I believe during get_preds I am running out of memory (62.6 gigs). Not sure if it is just a spike in memory usage at the end but does anyone have an idea how to fix?
I got the error [enforce fail at CPUAllocator.cpp:56]
when I looked it up on google it appears that there is a problem with CPU memory. Sure enough, I was able to see the problem right at the end. I am using the predictions with nmslib to create a KNN for similar images so I would like to keep all the data. Not sure why it punted to CPU, but my GPUs have less than 51G, so I don’t see that as a way to solve.
I think my hacky fix would be to reduce the number of files I am predicting against.
Screenshot of running out of memory at the end:
Full error below:
---------------------------------------------------------------------------
RuntimeError Traceback (most recent call last)

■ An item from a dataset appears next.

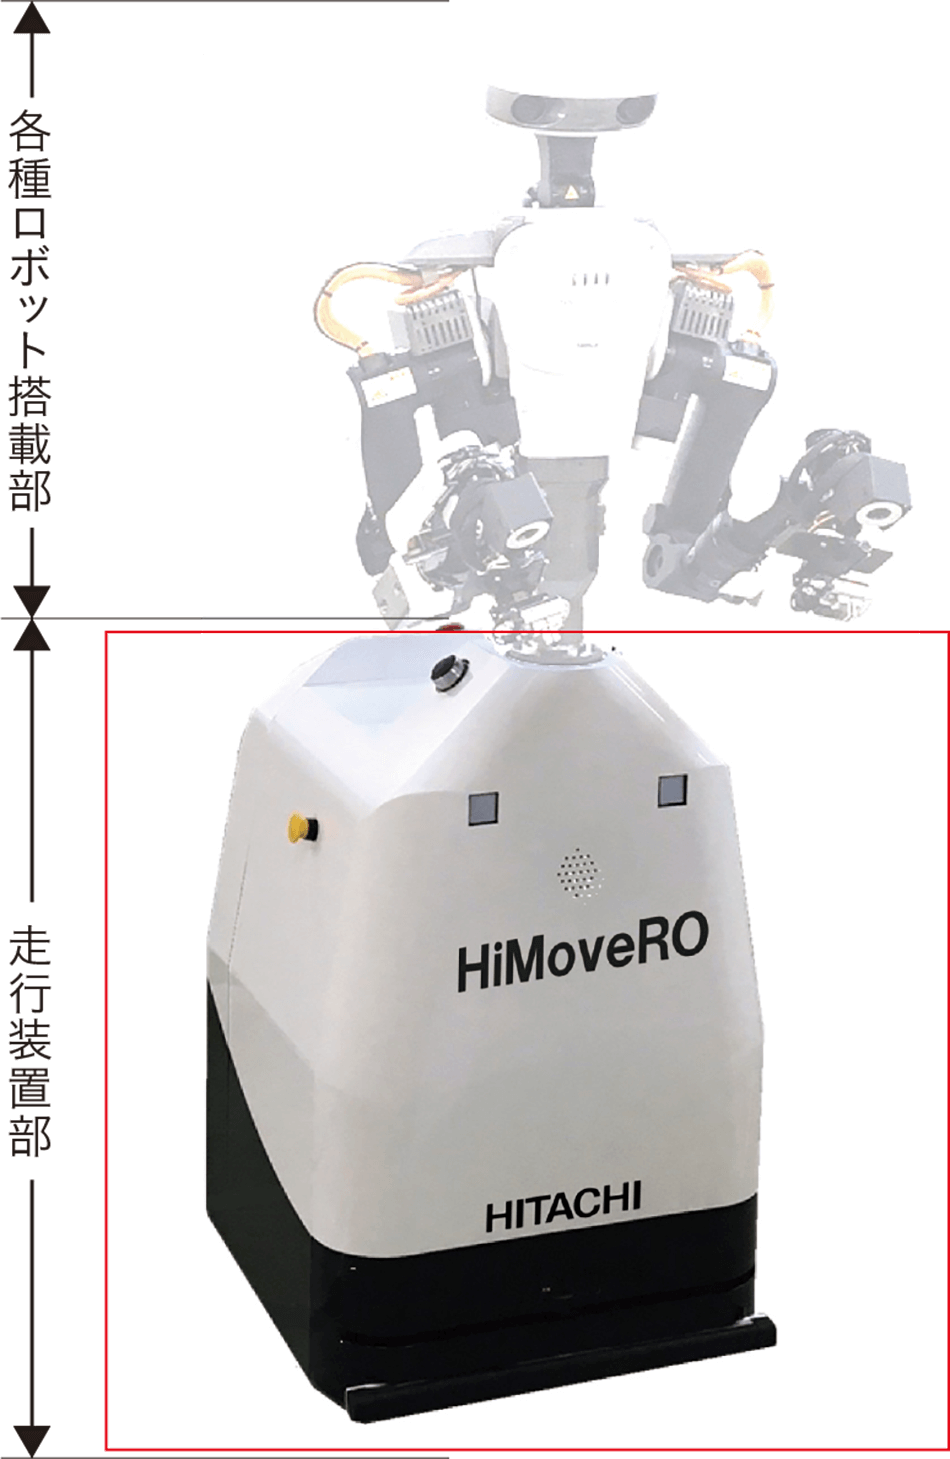 カワダロボティクス株式会社製の双腕型ロボットを搭載したHiMoveRO

<ipython-input-24-9aa6c3114742> in <module>
----> 1 predictions = learn.get_preds()
~/anaconda3/lib/python3.7/site-packages/fastai/basic_train.py in get_preds(self, ds_type, with_loss, n_batch, pbar)
335 lf = self.loss_func if with_loss else None
336 return get_preds(self.model, self.dl(ds_type), cb_handler=CallbackHandler(self.callbacks),
--> 337 activ=_loss_func2activ(self.loss_func), loss_func=lf, n_batch=n_batch, pbar=pbar)
338
339 def pred_batch(self, ds_type:DatasetType=DatasetType.Valid, batch:Tuple=None, reconstruct:bool=False) -> List[Tensor]:
~/anaconda3/lib/python3.7/site-packages/fastai/basic_train.py in get_preds(model, dl, pbar, cb_handler, activ, loss_func, n_batch)
42 "Tuple of predictions and targets, and optional losses (if `loss_func`) using `dl`, max batches `n_batch`."
43 res = [torch.cat(o).cpu() for o in
---> 44 zip(*validate(model, dl, cb_handler=cb_handler, pbar=pbar, average=False, n_batch=n_batch))]
45 if loss_func is not None:
46 with NoneReduceOnCPU(loss_func) as lf: res.append(lf(res[0], res[1]))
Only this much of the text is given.